# [DRIVER]  kernel panic après upgrade broadcom-sta (résolu)

## lipat34

Bonjour,

J'ai le message suivant au boot

Waiting for uevents to be processed kernel panic - not syncing : assertion wlc->pub->radio_disabled ..... "wlc.c", line 9091

La seule chose qui a changé est la mise à jour du paquet broadcom-sta. Même après suppression de celui ci le problème persiste.

Merci d'avance pour votre aide.Last edited by lipat34 on Tue Oct 25, 2011 4:50 pm; edited 1 time in total

----------

## guilc

Hello, pas le temps de chercher en détail là mais : il faudrait que tu donnes un brin plus de détails : version du noyau par exemple, et du driver broadcom, et configuration du noyau, etc...

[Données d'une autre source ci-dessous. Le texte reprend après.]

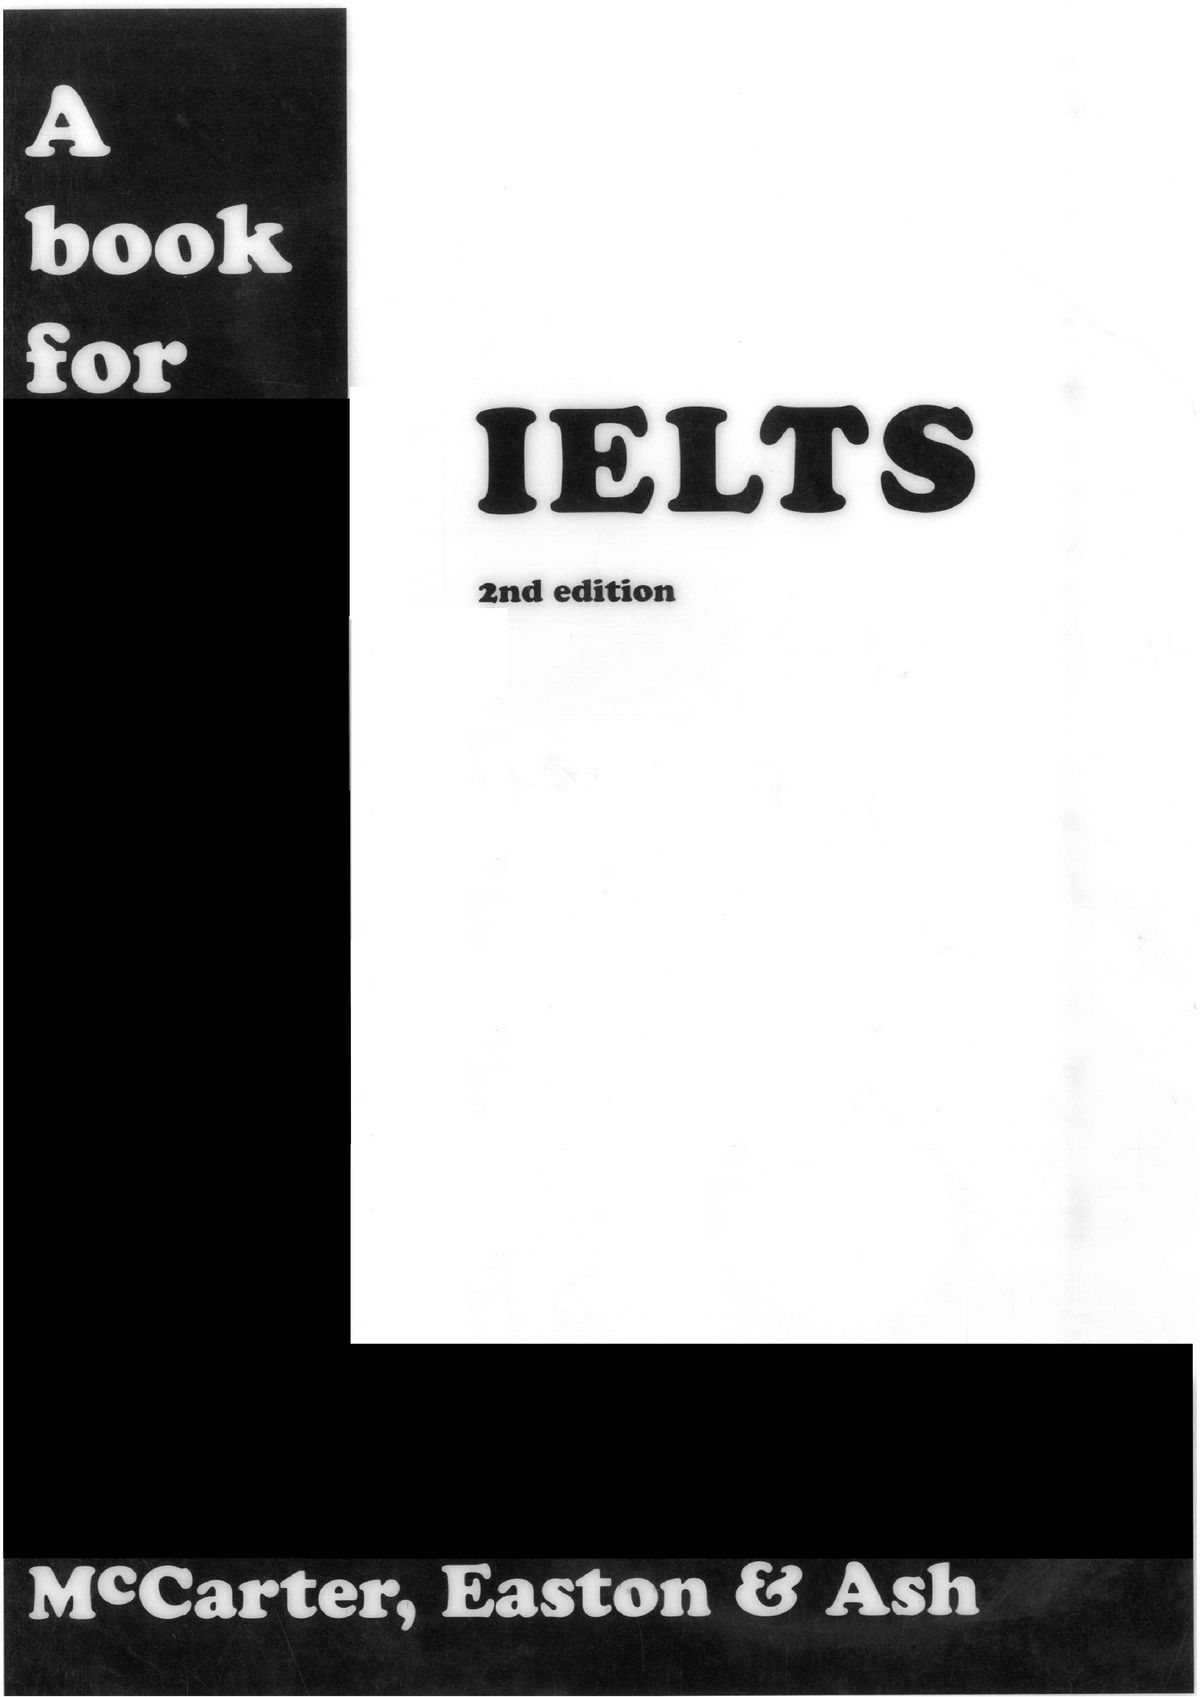 a-book-for-ielts-good-book-preface-this-is-a-self-study-publication-with-two-audio-cassettes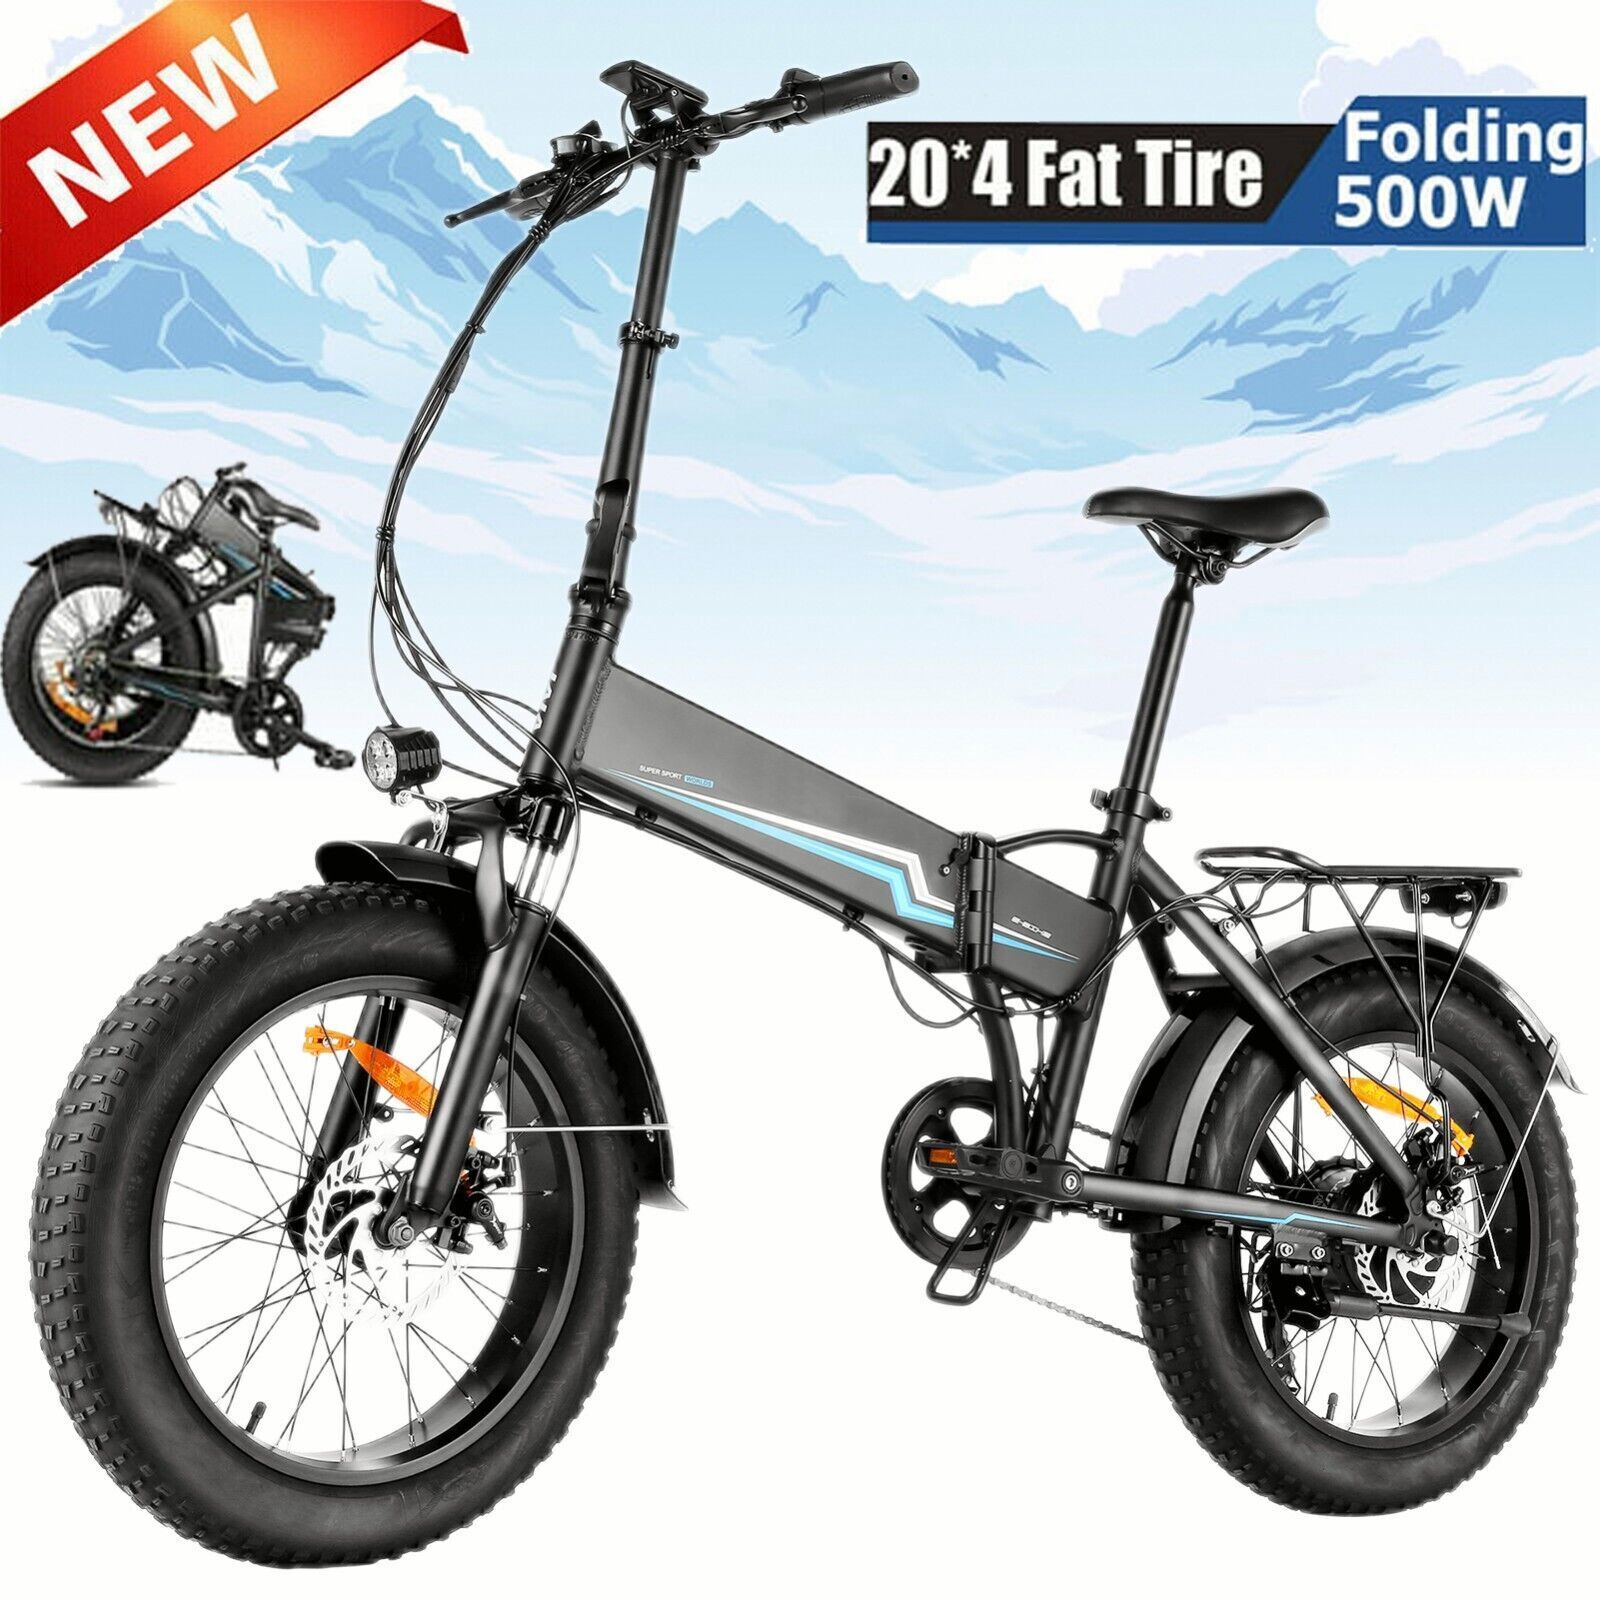 Electric Bicycle for Sale: 500W Motor Snow Beach Ebike,Electric Bike Foldable 20" x 4.0 Fat Tire r 33 d in Hacienda Heights, California

Et au passage, peux-tu mettre ton titre du topic en conformité avec les conventions de notre forum s'il te plait ? Merci  :Smile: 

----------

## lipat34

Voilà c'est corrigé  :Smile: 

Sinon, j'ai juste installé l'ancienne version du pilote "broadcom-sta/broadcom-sta-5.100.82.38-r1"  et tout est rentré dans l'ordre. 

Bon, le wifi ne fonctionne pas (il ne fonctionnait pas avant non plus), mais je verrais ça plus tard.

----------